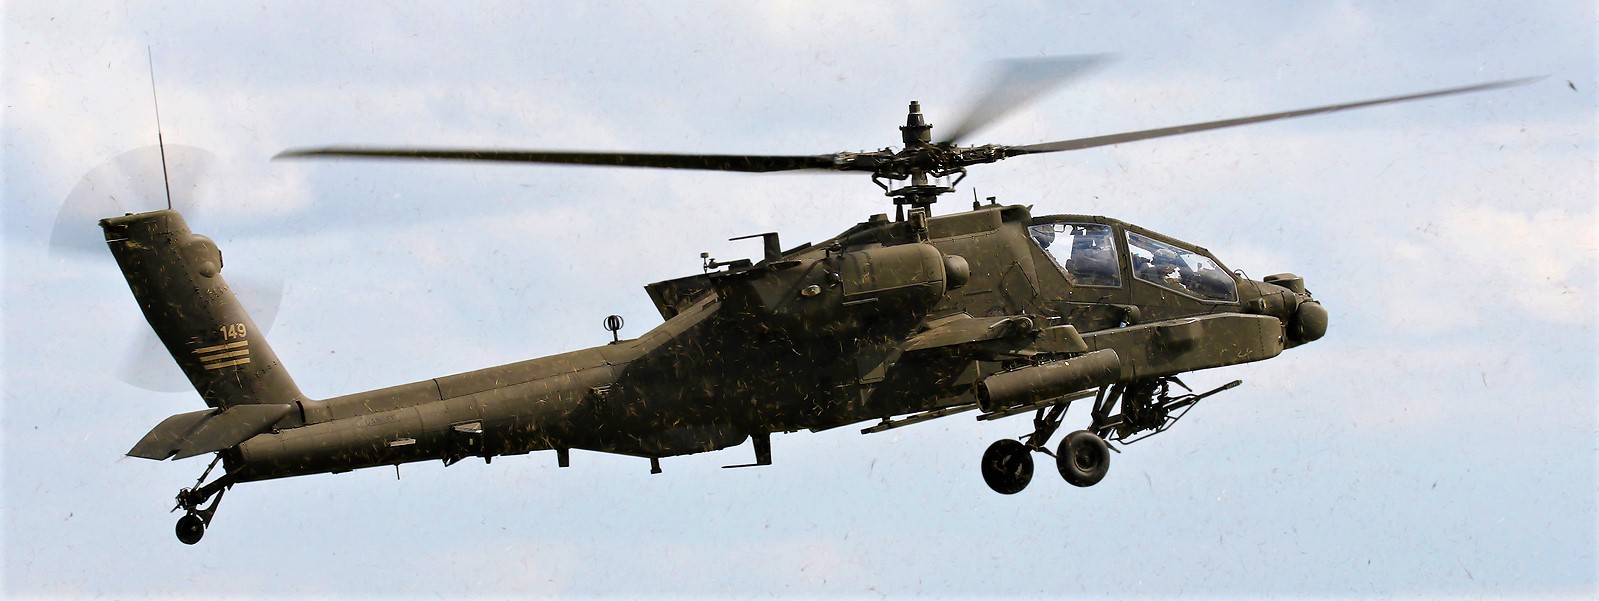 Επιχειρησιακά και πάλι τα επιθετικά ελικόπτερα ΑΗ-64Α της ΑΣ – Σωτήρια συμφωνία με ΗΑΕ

++++++++++++++++++++

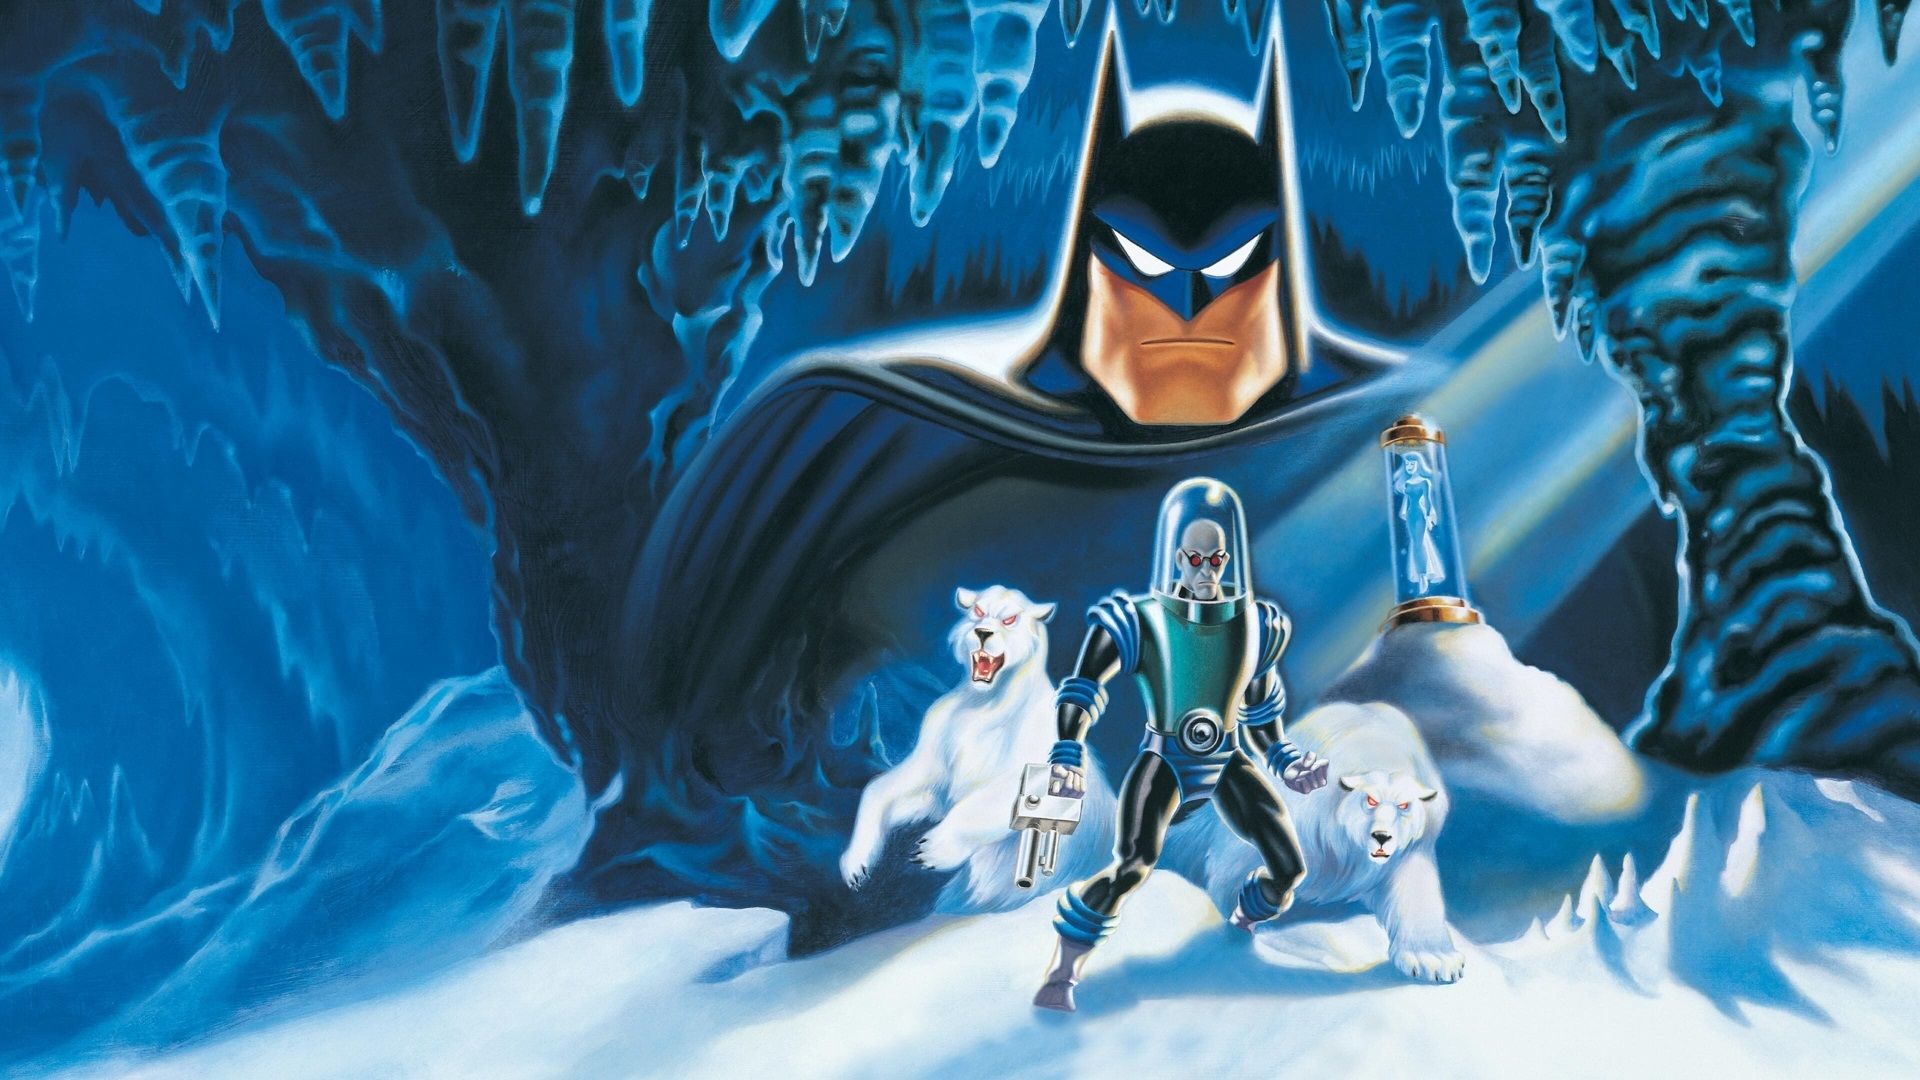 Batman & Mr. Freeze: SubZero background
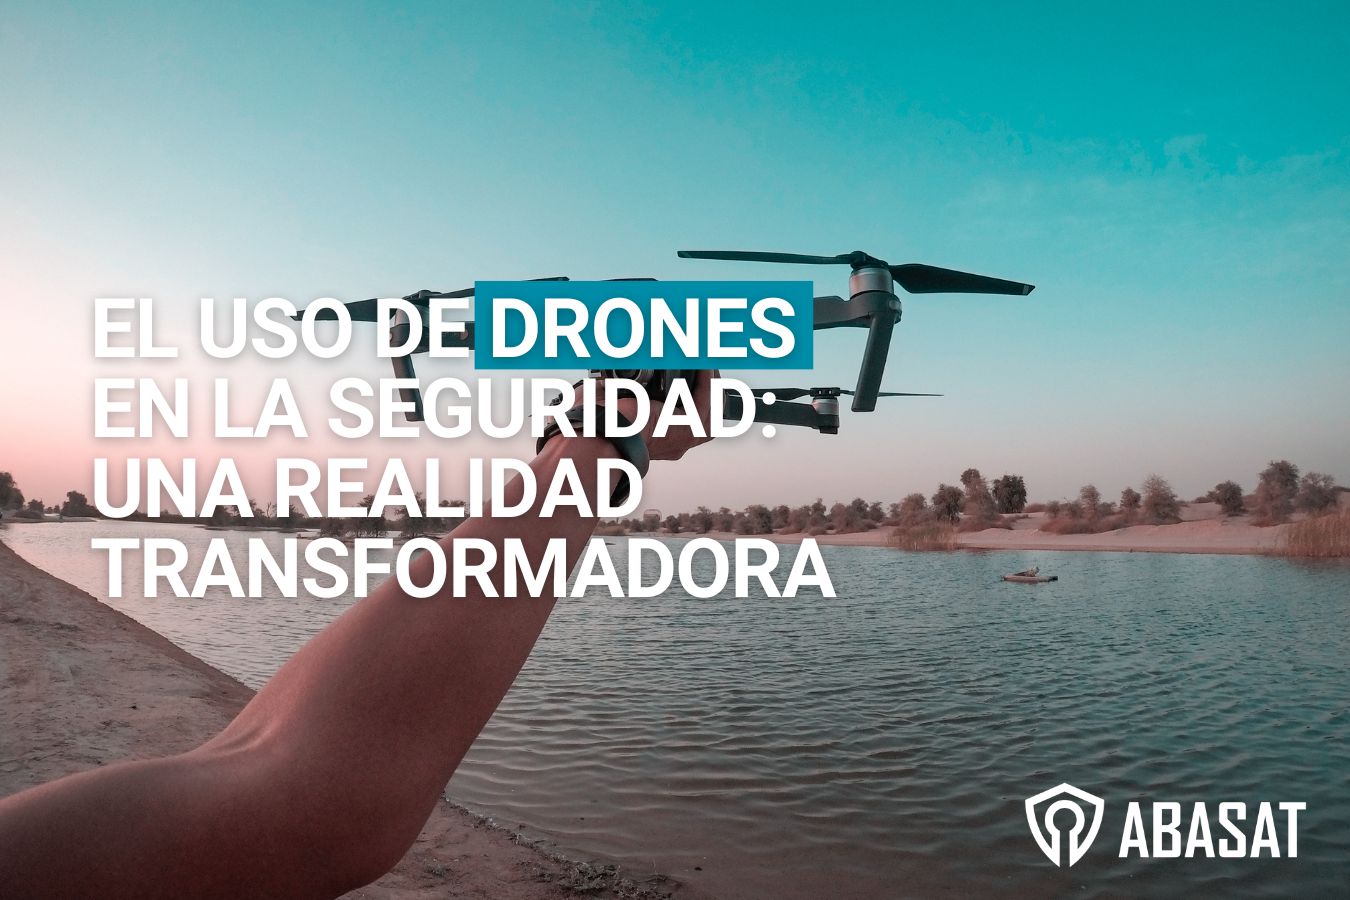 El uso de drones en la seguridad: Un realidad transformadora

++++++++++++++++++++

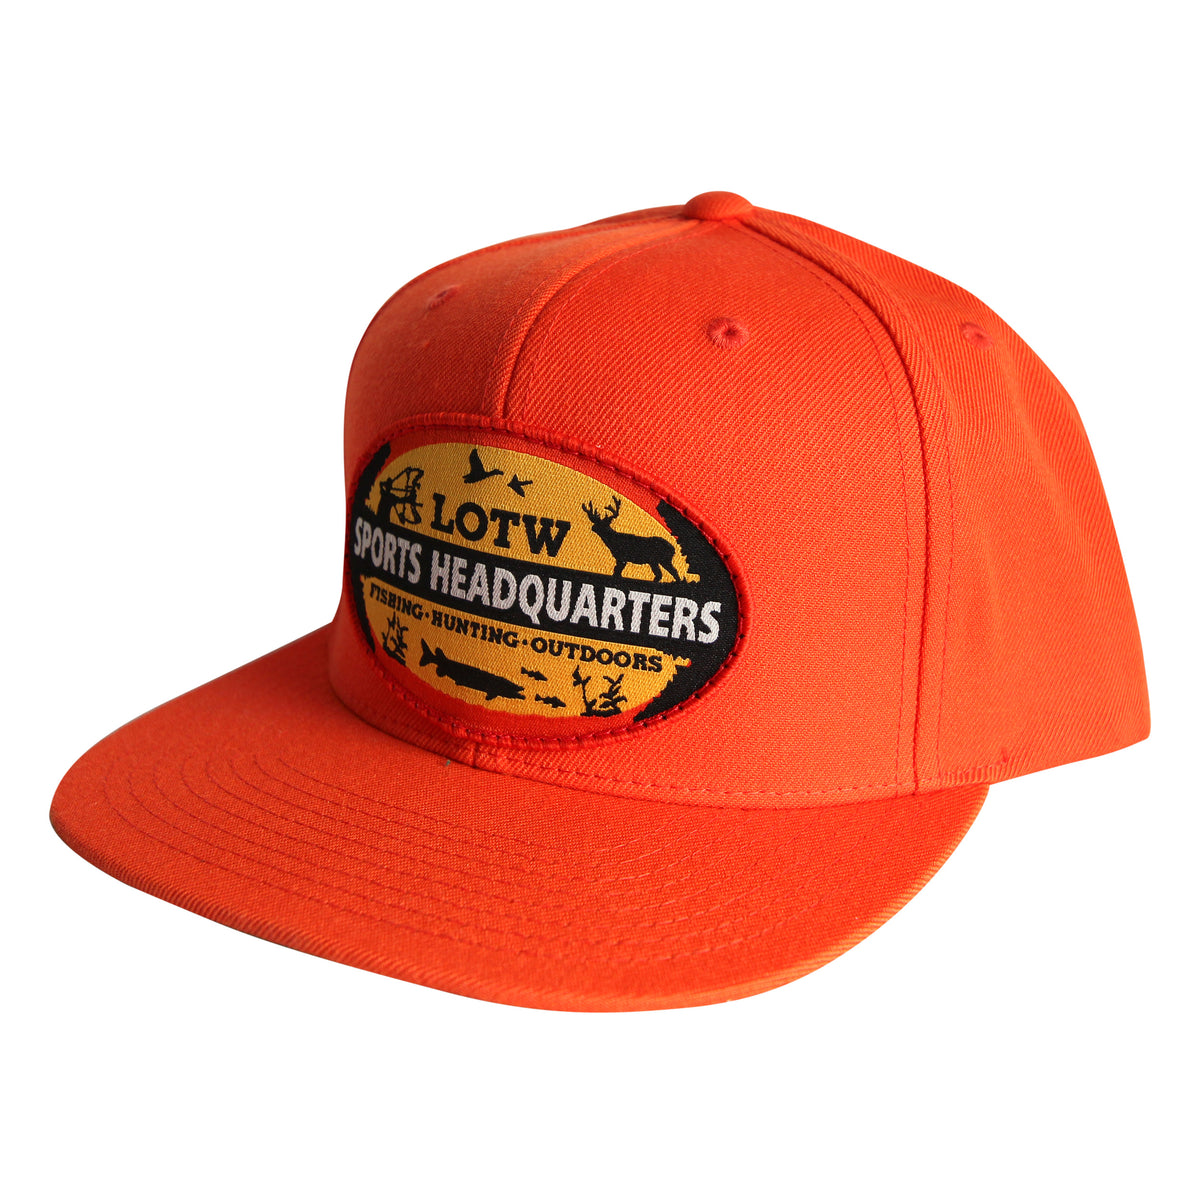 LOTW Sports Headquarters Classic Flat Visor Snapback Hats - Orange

++++++++++++++++++++

Exactly reproduce the lines above, starting at the one that contains "Batman & Mr. Freeze: SubZero background" and ending at the one that contains "El uso de drones", both inclusive; leave the pictures out and add no other lines.

 Batman & Mr. Freeze: SubZero background
 El uso de drones en la seguridad: Un realidad transformadora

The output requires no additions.